My biggest takeaways:  

  1. We need to think of food as powerful preventative medicine. 

  2. A plant based, whole grain, high fiber diet will do more to prevent heart disease and breast cancer than anything else you do.

  3. Your gut health matters—a lot! 

  4. The right nutrition + hormone therapy = a powerful duo for menopausal women.

Breast Cancer, Prevention and Nutrition

Some startling facts about cancer risk:

  • 33% of Breast Cancer is preventable!

  • A plant based diet rich in fruit, vegetables and whole grains leads to a 21% reduced breast cancer mortality and 15% overall mortality in women with breast cancer

  • Overwhelming evidence tells us that estrogen therapy, with or without bio-identical progesterone at menopause does not raise your risk of breast cancer and is safe in all women, including those at high risk due to family history or BRCA+ mutation. 

The Gut Microbiome, Hormones, & Bone Health

Your GI tract is your body’s first line of defense! A high fiber, plant based diet promotes the good bacteria in your gut, limits bad bacteria, and maintains a healthy gut lining. Menopause and the lack of estrogen directly affects your GI tract lining, making it more “leaky” and allowing more inflammatory factors to get into your blood vessels and your bones. At menopause, a poor gut microbiome is directly linked to more rapid bone loss and osteoporosis. The exciting news is that recent research showed that taking a high quality probiotic improves gut health, decreasing this “leakiness,” and prevents bone loss. Add HRT and a probiotic to a healthy diet and you have a powerful toolkit for bone protection!

The Science Is Clear On The Best Way to Eat

There is strong scientific evidence that the Mediterranean Diet or a plant based diet significantly decreases risk of being obese and overweight which in turn lowers breast cancer risk. You will get maximal cancer prevention benefits with five servings of fruit and vegetables a day. Remember, not all plant based diets are created equal! A healthy, plant based diet reduces breast cancer risk by almost 15%, but an UNHEALTHY plant based diet (sugary fruit juices and smoothies, refined grains, potatoes) has a 20% INCREASE risk of breast cancer. 
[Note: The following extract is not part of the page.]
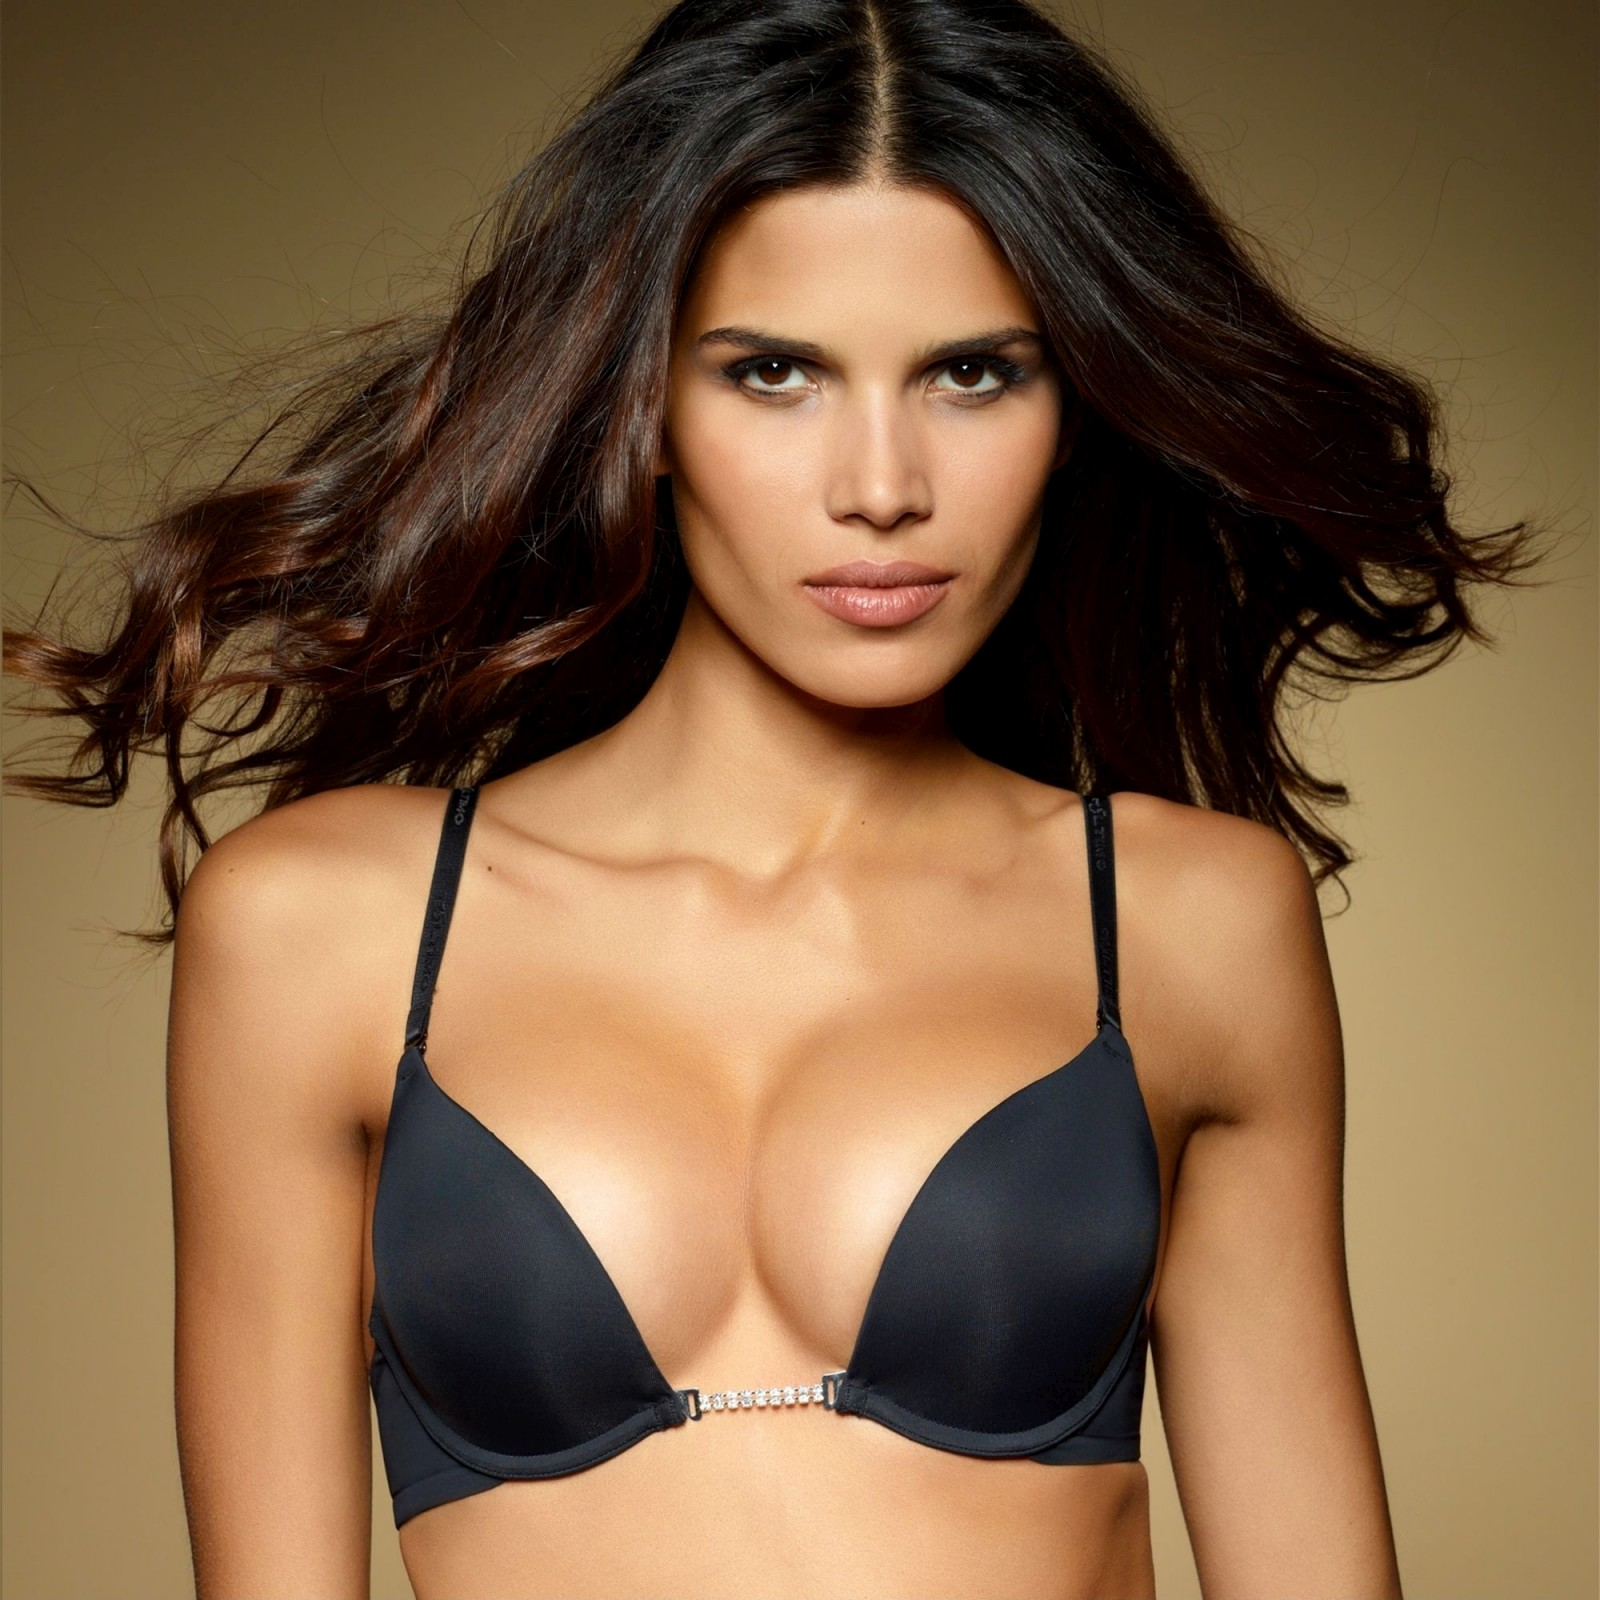 Porno Hacked Raica Oliveira BRA  nudes (58 pics), iCloud, bra

Calcium & Vitamin D Myths Busted!

Calcium is crucial for bone development in children and teens, but once bones are formed–additional calcium neither prevents or treats bone loss! Forget calcium supplements at menopause, as they are poorly absorbed, and multiple studies have shown they may cause an increase in calcium build up in your arteries and may raise risk for colon polyps and cancer. Women should get the recommended 1200 mg per day of calcium from their diet. Plants are the original source of calcium absorbing minerals from the soil. Excellent sources include almonds, oranges, figs, soybeans, garbanzo beans, kale, spinach, and broccoli. Salmon is also one of best non-dairy sources of calcium. 

Lay off the meat!

Regular intake of processed meats like bacon, hot dogs, salami, cold cuts, and chicken nuggets raises your cancer risk by 18%. The WHO considers processed meats Group 1A Carcinogen. Women who regularly consume red meat, especially well done meat, have much higher rates of breast cancer. The American Cancer Society recommends limiting red meat intake and choosing other proteins like fish and beans instead. Replacing 1 serving of red meat a day demonstrates a 23% reduced risk of premenopausal breast cancer, and 15% reduction in breast cancer at any age. 

Whole Soy Is Safe!

There are lots of myths out there about soy but we have clear guidelines. The American Cancer Society states that soy food consumption lowers the risk of breast cancer mortality and recurrence and is safe for all women to eat, including women with breast cancer. Eat traditional soy foods such as tofu, tempeh, edamame, miso, and soy milk. They are excellent sources of protein, and are linked to lower rates of heart disease and lower cholesterol. 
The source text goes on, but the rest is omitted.